Approfondire la conoscenza e promuovere la rivalutazione della chiesa altomedievale di Sant’Ambrogio alla Rienna, scoperta alla fine degli anni ’70 da appassionati di beni culturali locali nella campagna di Montecorvino Rovella (Salerno): questo lo scopo del progetto “Crocevia di imperi: la chiesa longobarda di Sant’Ambrogio a Montecorvino Rovella (Salerno)”. Lo studio documentario e le indagini archeologiche svolte presso la chiesa dal 2016 al 2025, finanziate dalla British Academy e dalla Gerda Henkel Stiftung e agevolate dal Comune di Montecorvino Rovella e dalle università di Salerno e Birmingham, indicano i suoi chiari legami con la cultura materiale delle corti secolari e dei monasteri della Langobardia meridionale tra la fine dell’VIII e il IX secolo.
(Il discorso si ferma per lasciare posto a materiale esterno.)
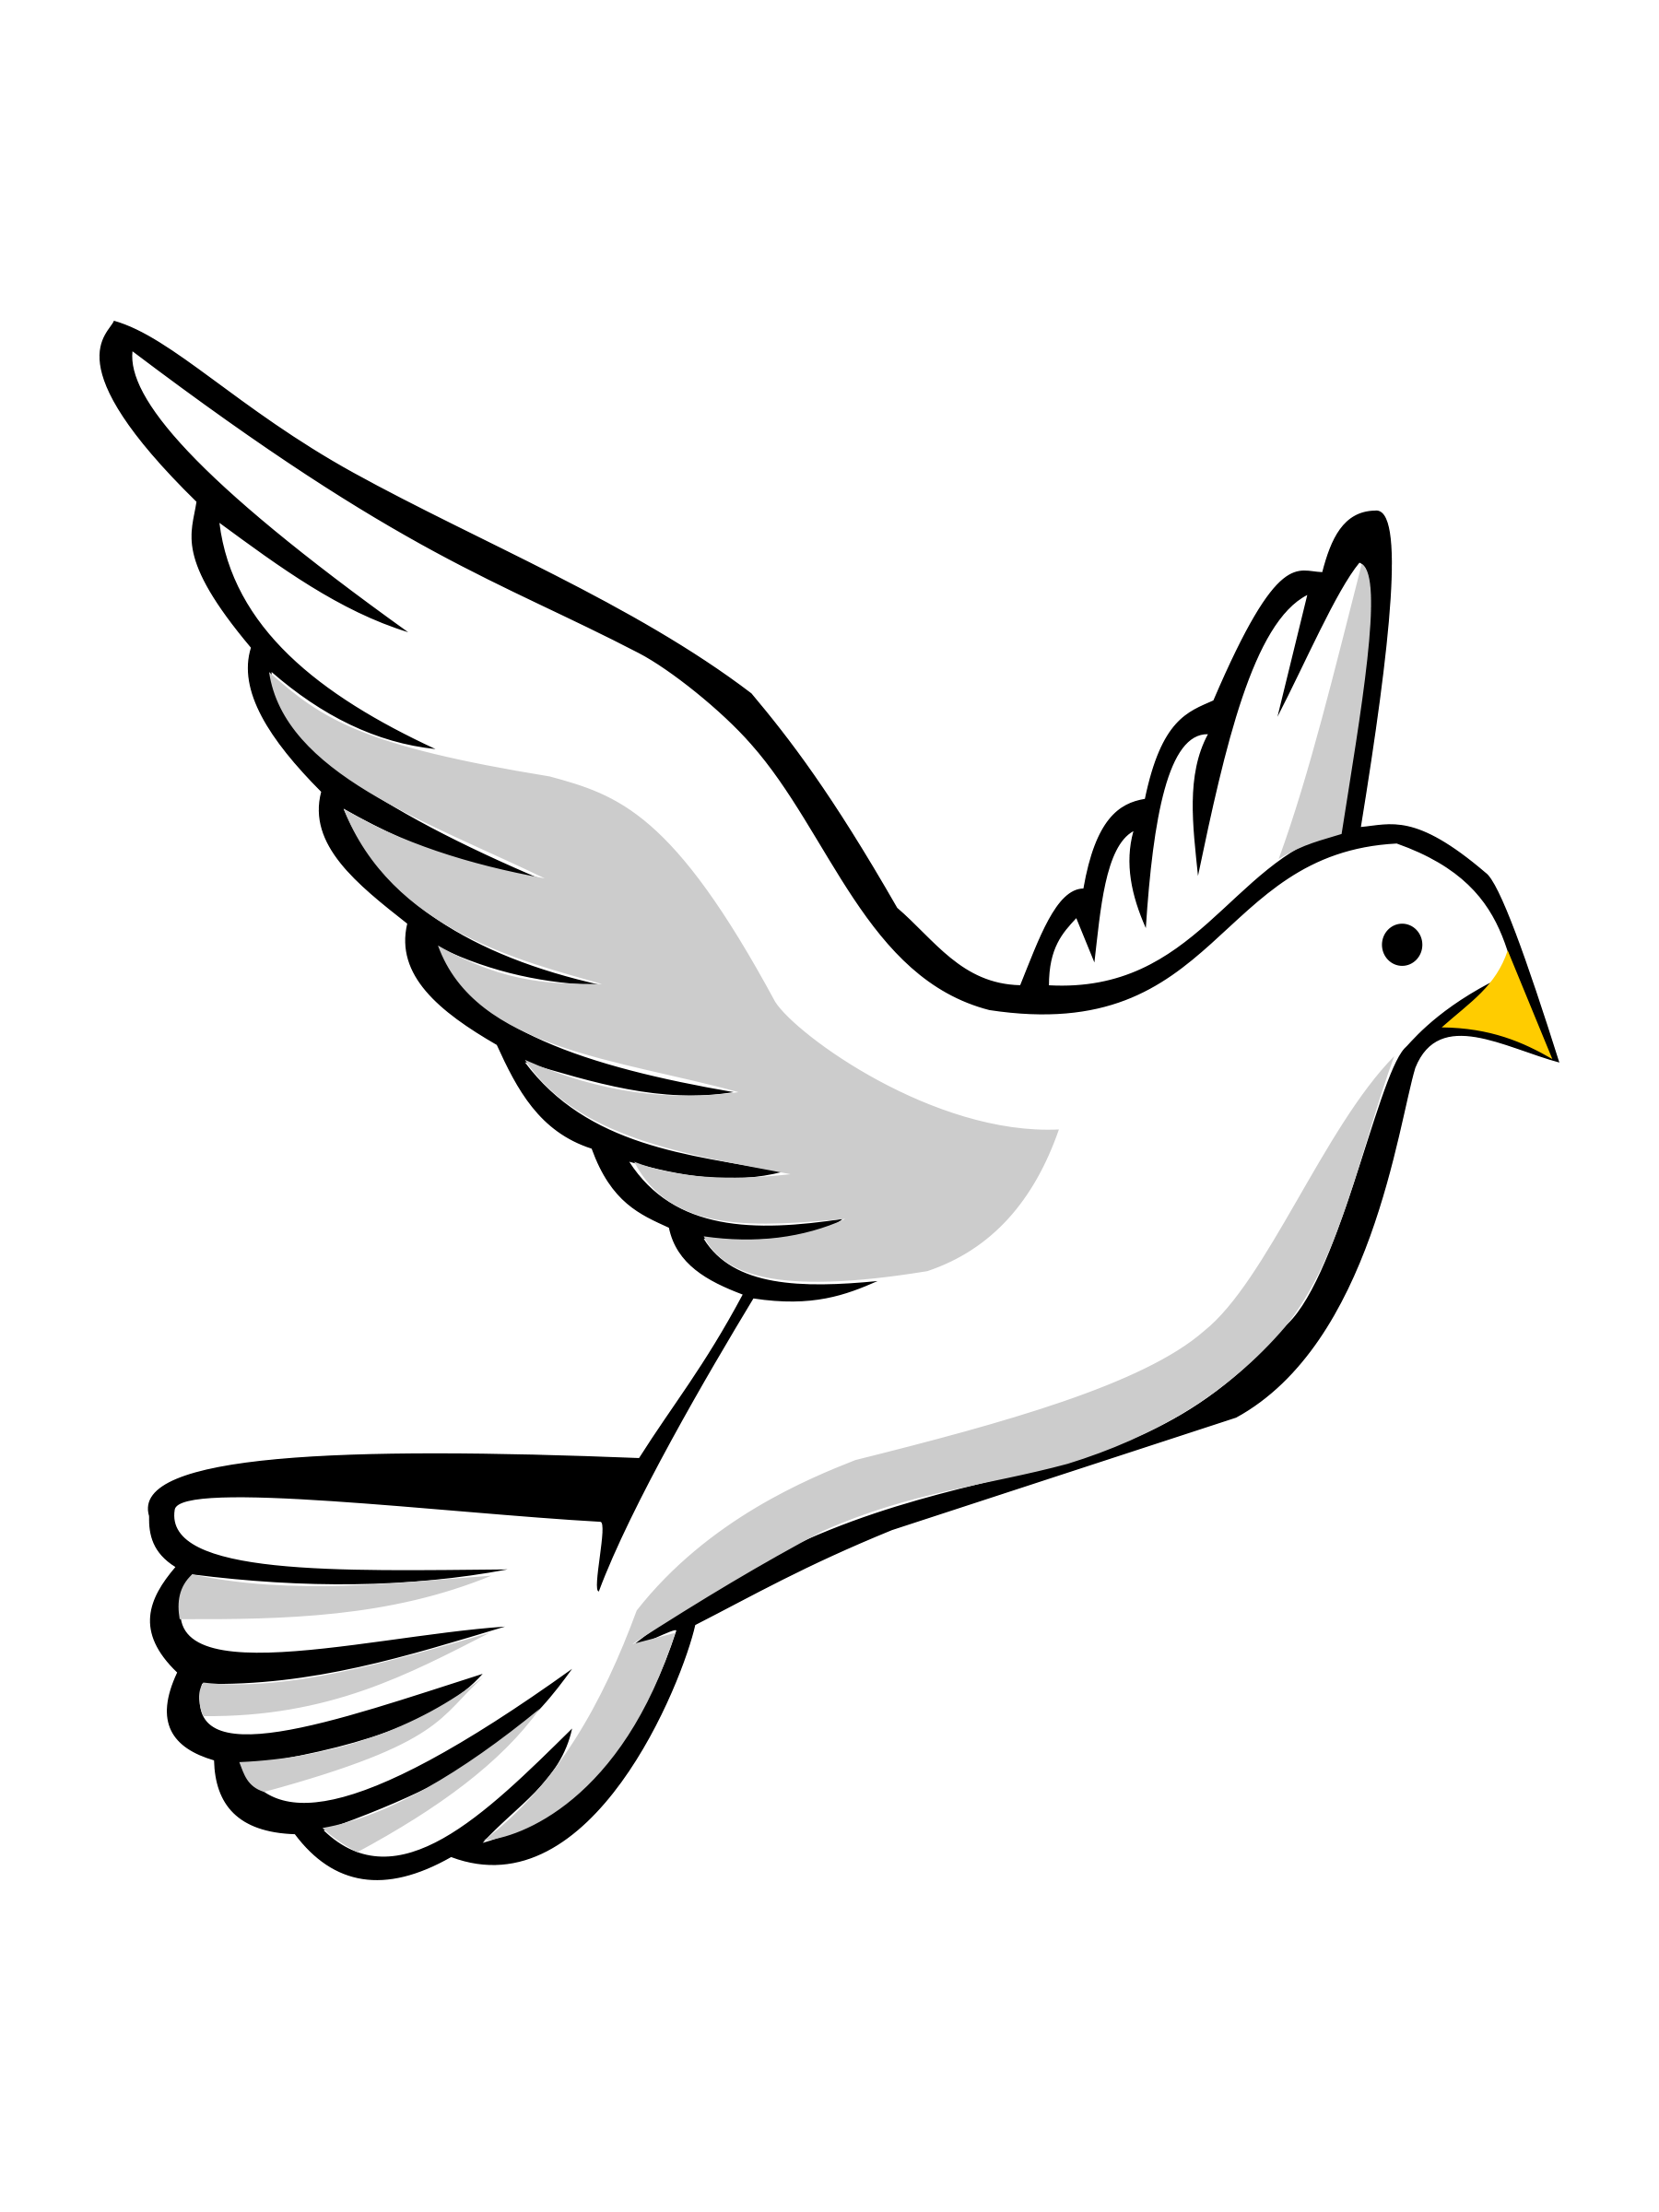 White Pigeon PNG Free Download

Poiché la chiesa non ha subito modifiche sostanziali nei secoli successivi, non solo mostra un tessuto del IX secolo eccezionalmente ben conservato e ancora in piedi in pregiata muratura, ma ospita uno dei più pregevoli schemi pittorici conservatisi del periodo, caratterizzato da una delle prime immagini della Theotokos, Maria come Madre di Dio, nell’Europa occidentale.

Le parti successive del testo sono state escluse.